In this study, we observed a significant positive correlation between ABSI and diabetes, as demonstrated in Fig 2 and Table 2. Specifically, our results indicate that each unit increase in ABSI is associated with 42% to 66% higher odds of having diabetes, a finding consistently supported across various models adjusted for multiple variables. Moreover, when ABSI was categorized into quartiles, the highest quartile group were nearly 96% more likely to have diabetes compared to the lowest quartile group. These results underscore the potential of ABSI as an independent marker associated with diabetes. This finding is corroborated by other similar studies. For example, a study conducted in the Qatari population found that ABSI is a stronger predictor of diabetes risk compared to BMI, aligning with our results and highlighting the potential of ABSI as a disease risk indicator across different ethnicities and regions [29]. It is worth noting that a rural Chinese study also identified a significant association between ABSI and diabetes risk, although ABSI demonstrated relatively lower predictive accuracy compared to other anthropometric indices such as WHtR and BRI, with an AUC of 0.61 in both men and women [30]. In contrast, our study found a stronger association, with individuals in the highest ABSI quartile having a 96% higher odds of diabetes compared to those in the lowest quartile. While we did not perform a direct comparative analysis between ABSI and other indices in our cohort, the findings collectively suggest that ABSI is a relevant marker for diabetes risk in diverse populations. Additionally, two study involving a Japanese adult cohort, which utilized multivariable Cox regression analysis, also identified a correlation between ABSI and the risk of Type 2 diabetes [31,32]. These studies further demonstrated the stability of this association across different population subgroups through subgroup analysis, complementing our findings and indicating the universal applicability of ABSI as a tool for predicting disease risk [31,32]. In summary, despite variations in study design, sample populations, and statistical methods, there is broad support for the potential of ABSI as a predictor of diabetes risk.

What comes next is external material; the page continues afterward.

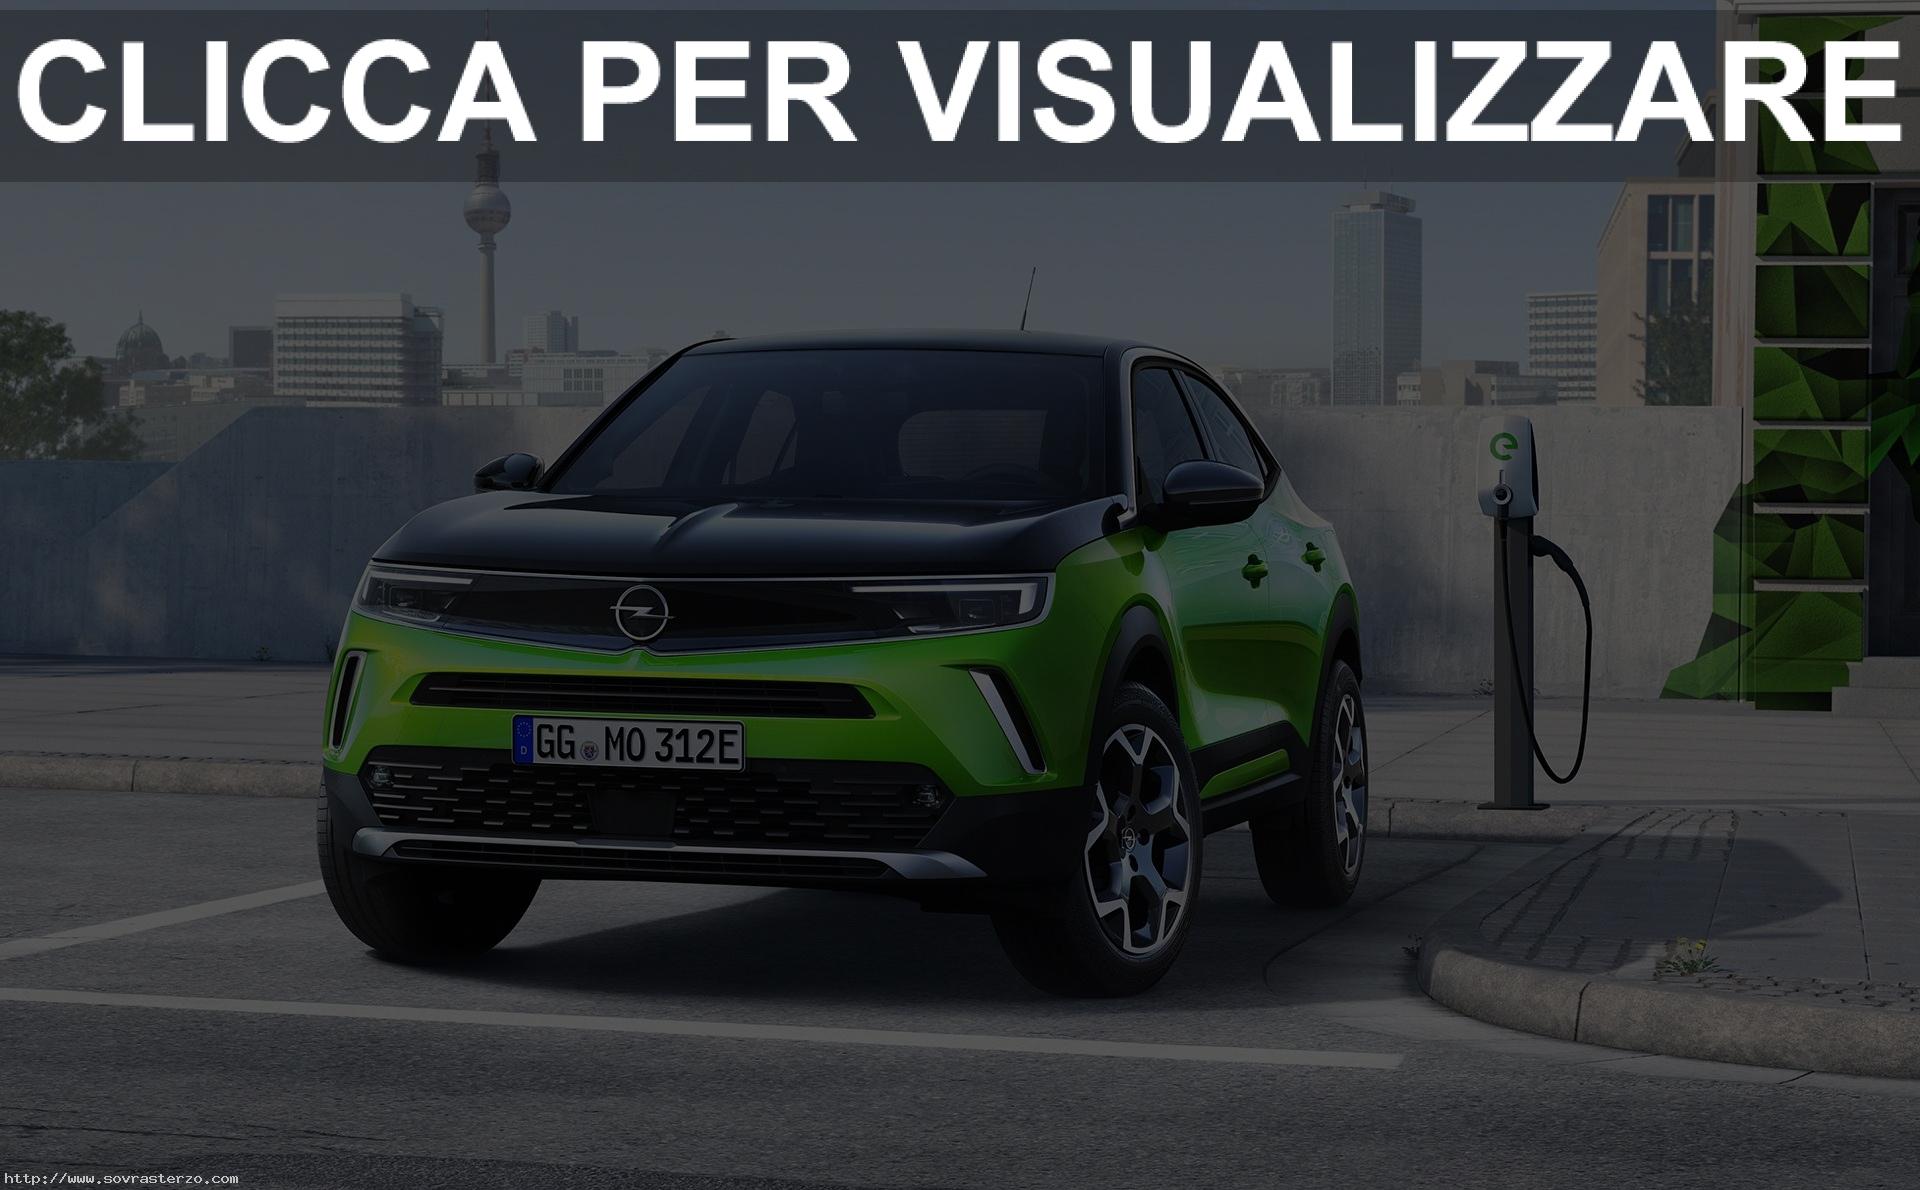 Nuova Opel Mokka 2021 anche Elettrica - Sovrasterzo

ABSI, as a body shape index, is unique in that it combines height, weight, and WC, particularly emphasizing the ratio of WC to other body measurements, thus more accurately reflecting central obesity [16,26]. Central obesity is widely recognized as one of the primary drivers of insulin resistance, a key physiological process in the development of Type 2 diabetes [33]. Specifically, central obesity is associated with the accumulation of abdominal fat, a type of fat characterized by a high rate of fatty acid turnover, which can interfere with insulin signaling pathways through various mechanisms [34–36]. Free fatty acids released by abdominal adipocytes can directly inhibit insulin-mediated glucose uptake and increase hepatic glucose production, thereby reducing systemic insulin sensitivity [36,37]. Additionally, abdominal adipose tissue serves not merely as a storage site for energy but also functions as an active endocrine organ [38–41]. It is capable of secreting various inflammatory mediators, including tumor necrosis factor-alpha (TNF-α) and interleukin-6 (IL-6) [38–41]. These cytokines can activate inflammatory signaling pathways, further exacerbating insulin resistance [38–41]. Moreover, these factors may also impact the functionality of pancreatic β-cells, accelerating the progression of diabetes [38–41]. Lastly, central obesity is associated with hormonal dysregulation in adipose tissue, such as imbalances in leptin and adiponectin [42–44]. Leptin is typically associated with increased fat storage, and in central obesity, leptin resistance may occur, diminishing its effect on suppressing appetite and potentially disrupting insulin signaling [42]. Simultaneously, a reduction in adiponectin is associated with increased insulin resistance [43,44]. Given that ABSI specifically measures body shape variables related to central obesity, it holds significant potential as a critical predictor of the risk for Type 2 diabetes. It should be noted that the proposed mechanisms involving lifestyle factors and clinical characteristics are based on findings from previous studies and were not directly assessed in our analysis.
This study also identified a non-linear relationship between ABSI and diabetes, manifesting as a distinct inverse L-shaped curve. Through smooth curve fitting and threshold effect analysis, the inflection point of ABSI was determined to be 9.54. Below this inflection point, each unit increase in ABSI was associated with an 87% higher odds of diabetes, whereas above this point, the association was no longer statistically significant. It is important to note that an ABSI value of 9.54, based on the formula incorporating waist circumference, height, and BMI, approximately corresponds to a waist circumference of 106.35 cm in an average adult with a height of 1.70 m and a BMI of 25 kg/m2. This threshold may serve as a practical reference point for identifying individuals at elevated diabetes risk due to central adiposity, even when BMI alone does not appear abnormal. However, this ABSI cut-off and K-breakpoint were derived specifically from the present NHANES cohort, and their applicability to other populations should be interpreted with caution and requires further external validation.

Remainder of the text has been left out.